25. Next, it must be observed that Article 19 of the Directive provides for the parties to be able to derogate from the provisions of Article 17 before the contract expires, provided that that derogation is not unfavourable to the commercial agent. It is clear, therefore, that the issue of whether or not that derogation is unfavourable must be determined at the time the parties contemplate it. The latter cannot agree on a derogation if they do not know whether at the end of the contract it will prove to be favourable or detrimental to the commercial agent.
26. That interpretation is also supported by the aim and the character of the system established by Articles 17 and 19 of the Directive, as set out in paragraphs 19 and 22 of this judgment.

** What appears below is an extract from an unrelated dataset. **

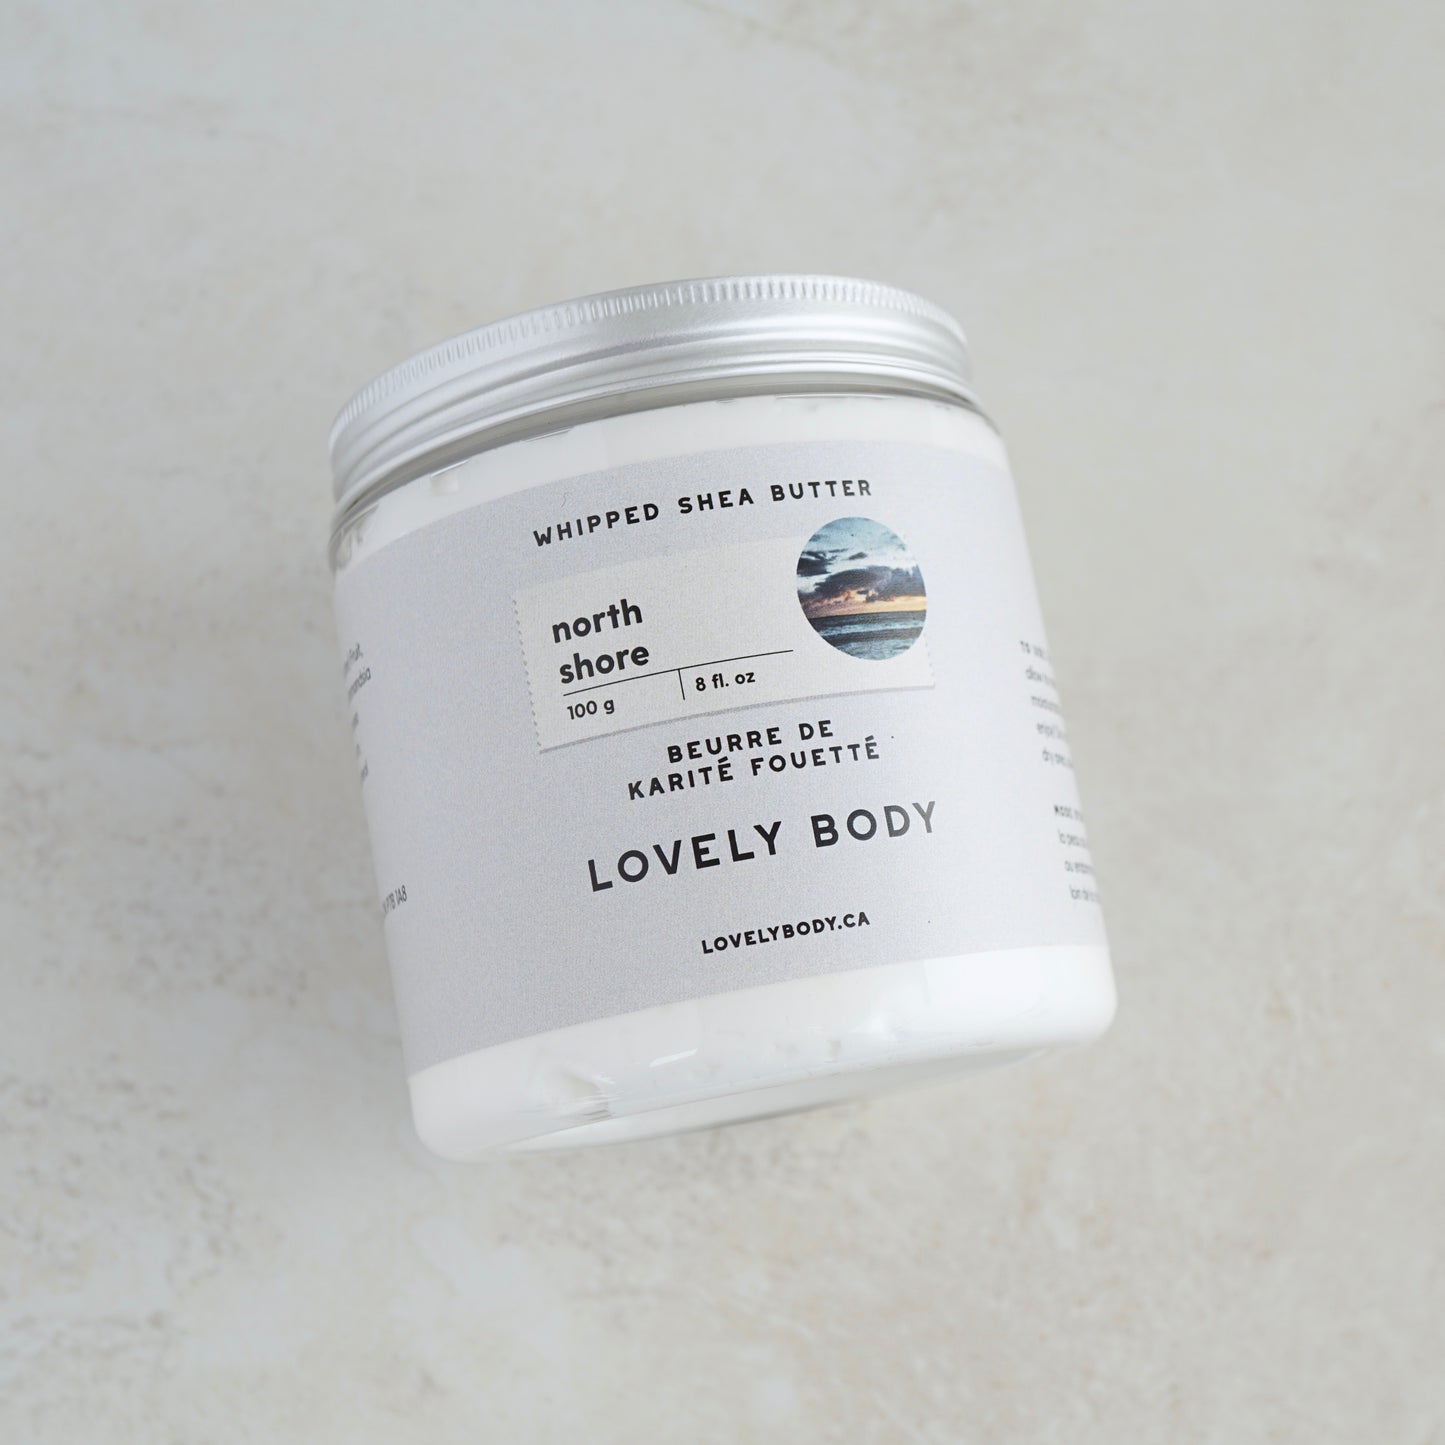 North Shore Whipped Shea Butter

27. Therefore, it must be concluded from the foregoing considerations that Article 19 of the Directive must be understood as meaning that a derogation from the provisions of Article 17 may be accepted only if, ex ante, there is no possibility that at the end of the contract that derogation will prove to be detrimental to the commercial agent.
Hardie Polymers
Decision
"In summary, the obligation on the English courts to construe domestic legislation consistently with Community law obligations is both broad and far-reaching. In particular: (a) it is not constrained by conventional rules of construction (per Lord Oliver of Aylmerton in the Pickstone case, at p 126b); (b) it does not require ambiguity in the legislative language (per Lord Oliver in the Pickstone case, at p 126b and per Lord Nicholls of Birkenhead in Ghaidan's case, at para 32); (c) it is not an exercise in semantics or linguistics (per Lord Nicholls in Ghaidan's case, at paras 31 and 35; per Lord Steyn, at paras 48-49; per Lord Rodger of Earlsferry, at paras 110-115); (d) it permits departure from the strict and literal application of the words which the legislature has elected to use (per Lord Oliver in the Litster case, at p 577a; per Lord Nicholls in Ghaidan's case, at para 31); (e) it permits the implication of words necessary to comply with Community law obligations (per Lord Templeman in the Pickstone case, at pp 120h-121a; per Lord Oliver in the Litster case, at p 577a); and (f) the precise form of the words to be implied does not matter (per Lord Keith of Kinkel in the Pickstone case, at p 112d; per Lord Rodger in Ghaidan's case, at para 122; per Arden LJ in the IDT Card Services case, at para 114)." Supplemented by;
"The only constraints on the broad and far-reaching nature of the interpretative obligation are that: (a) the meaning should 'go with the grain of the legislation' and be 'compatible with the underlying thrust of the legislation being construed': see per Lord Nicholls in Ghaidan v Godin-Mendoza [2004] 2 AC 557, para 33; Dyson LJ in Revenue and Customs Comrs v EB Central Services Ltd [2008] STC 2209, para 81. An interpretation should not be adopted which is inconsistent with a fundamental or cardinal feature of the legislation since this would cross the boundary between interpretation and amendment (see per Lord Nicholls, at para 33, Lord Rodger, at paras 110-113 in Ghaidan's case; per Arden LJ in R (IDT Card Services Ireland Ltd) v Customs and Excise Comrs [2006] STC 1252, paras 82 and 113); and (b) the exercise of the interpretative obligation cannot require the courts to make decisions for which they are not equipped or give rise to important practical repercussions which the court is not equipped to evaluate: see the Ghaidan case, per Lord Nicholls, at para 33; per Lord Rodger, at para 115; per Arden LJ in the IDT Card Services case, at para 113."